==== Data supplied

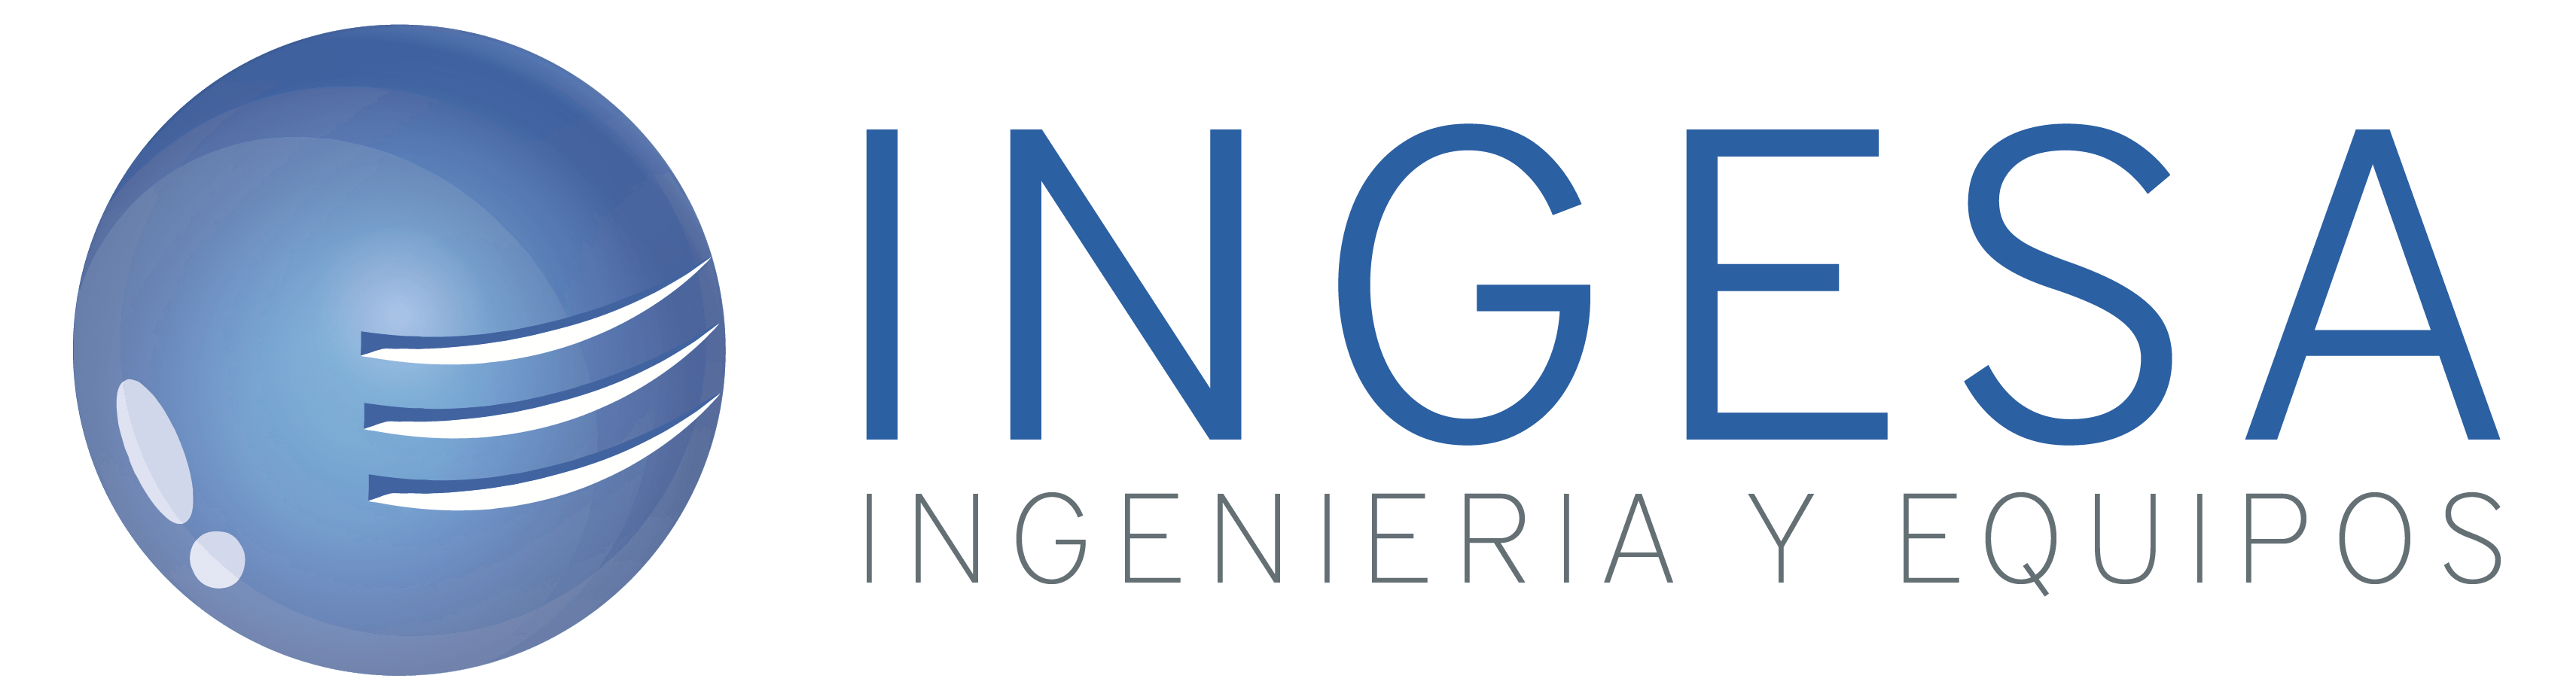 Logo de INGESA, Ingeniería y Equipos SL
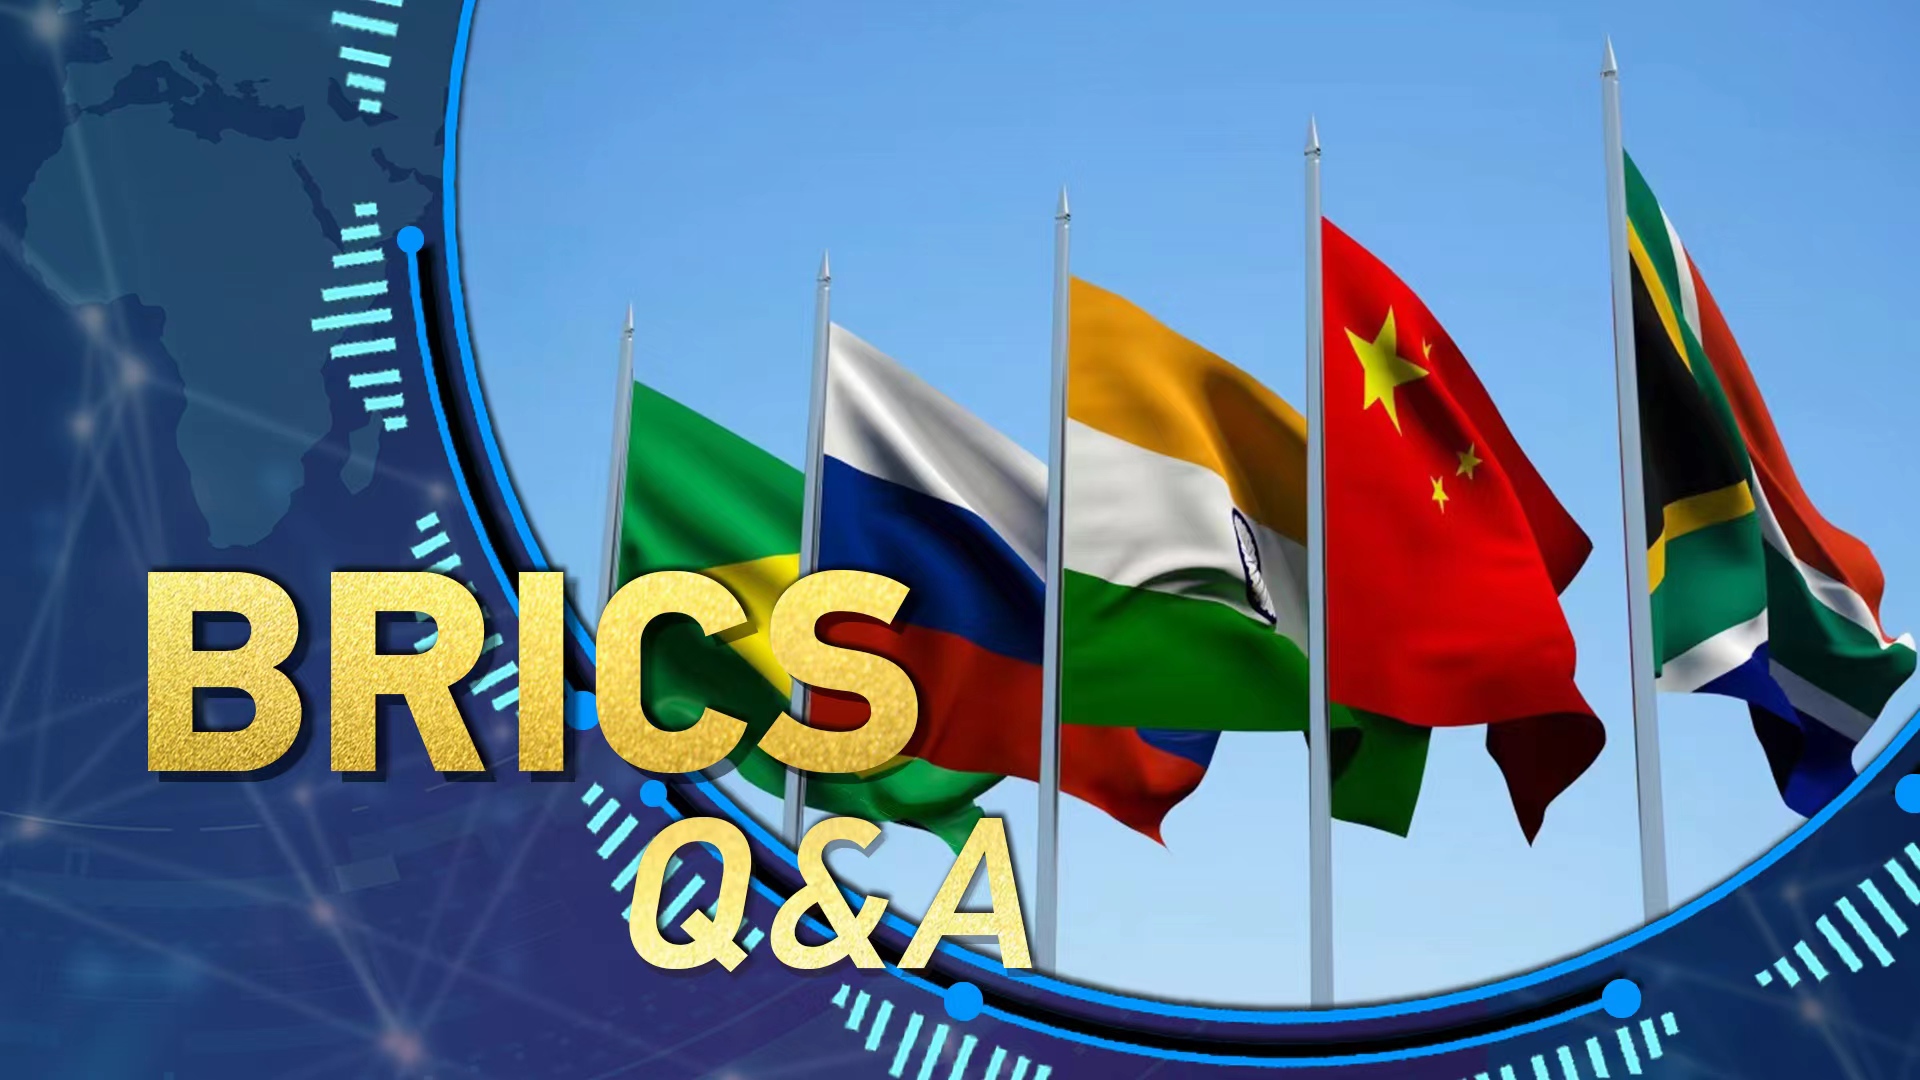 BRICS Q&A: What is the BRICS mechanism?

========
==== Data supplied

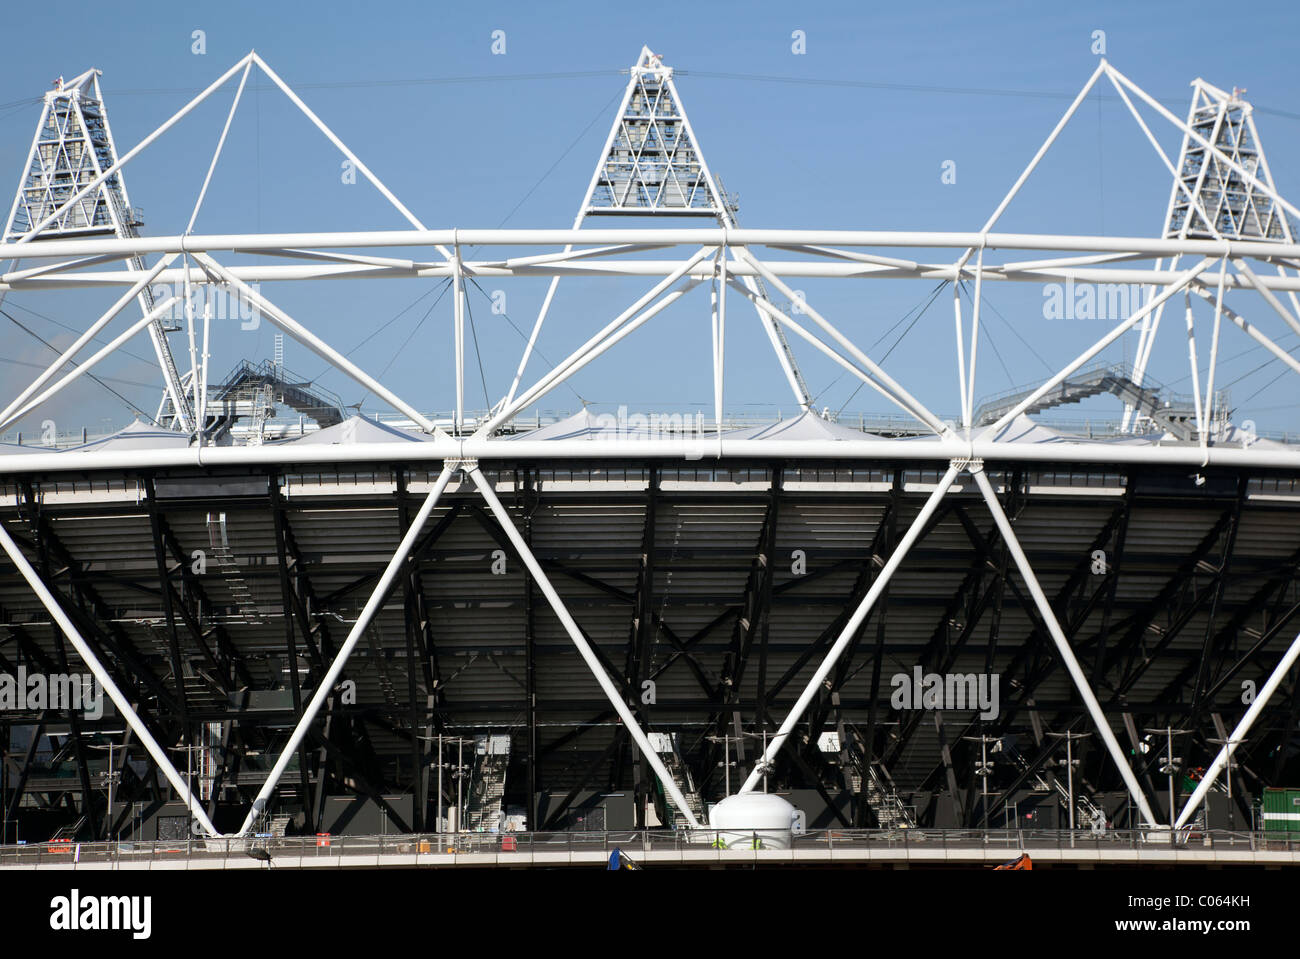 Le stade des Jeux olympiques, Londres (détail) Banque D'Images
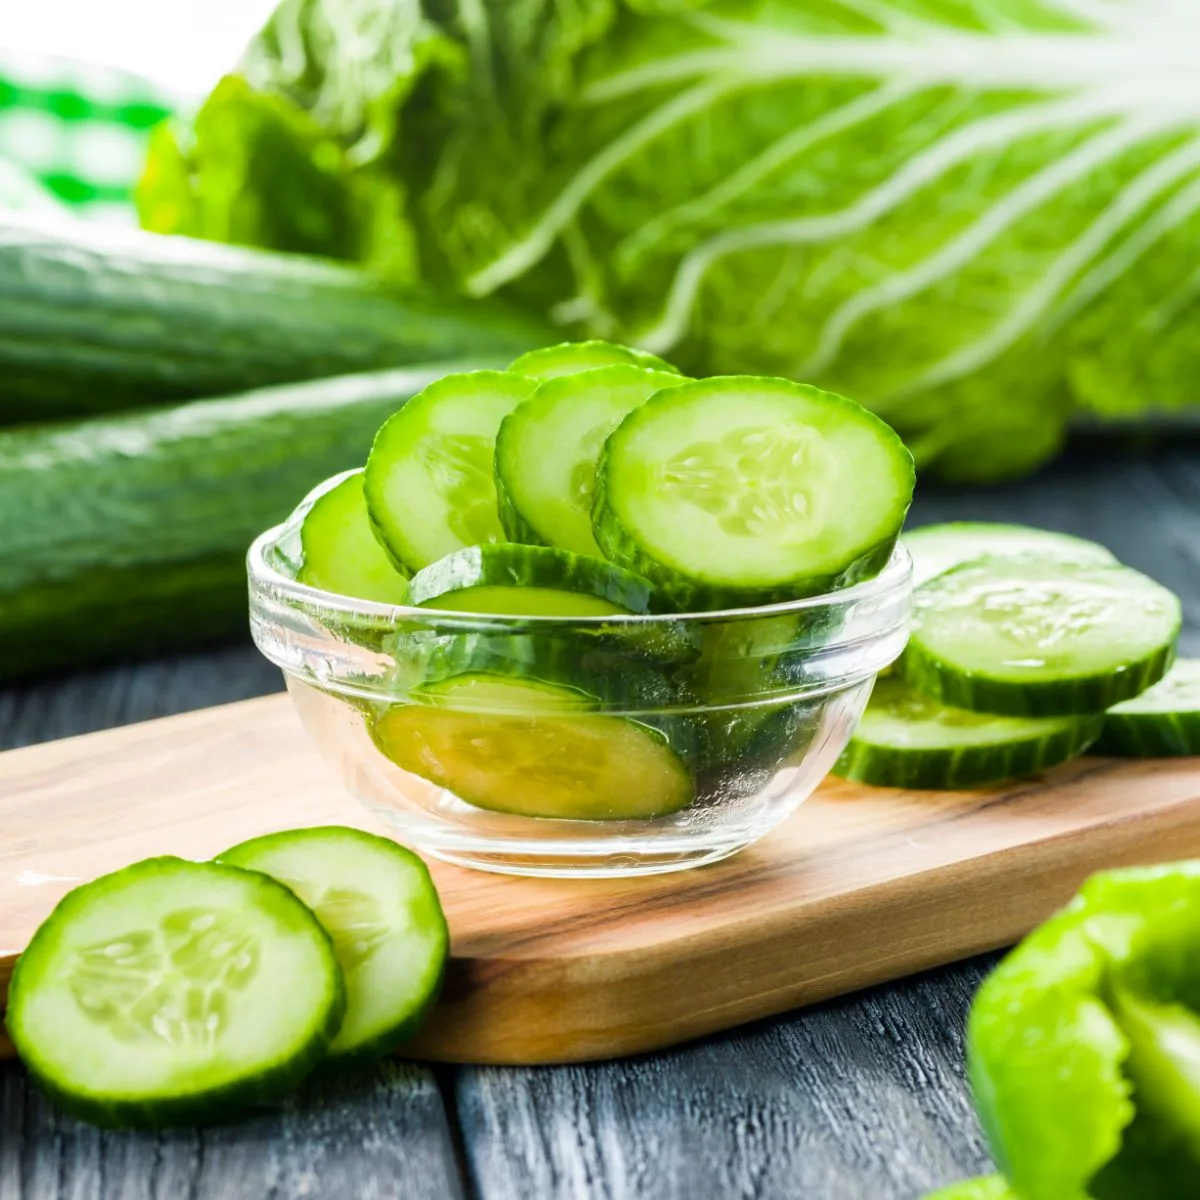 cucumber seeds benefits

========

> [Work instruction]
All pictures are to be skipped. Output, word for word, the lines in the data above starting at the line containing "Logo de INGESA, Ingeniería y Equipos SL" and ending at the line containing "BRICS Q&A: What is the BRICS mechanism?".

> [Response area]
 Logo de INGESA, Ingeniería y Equipos SL
 BRICS Q&A: What is the BRICS mechanism?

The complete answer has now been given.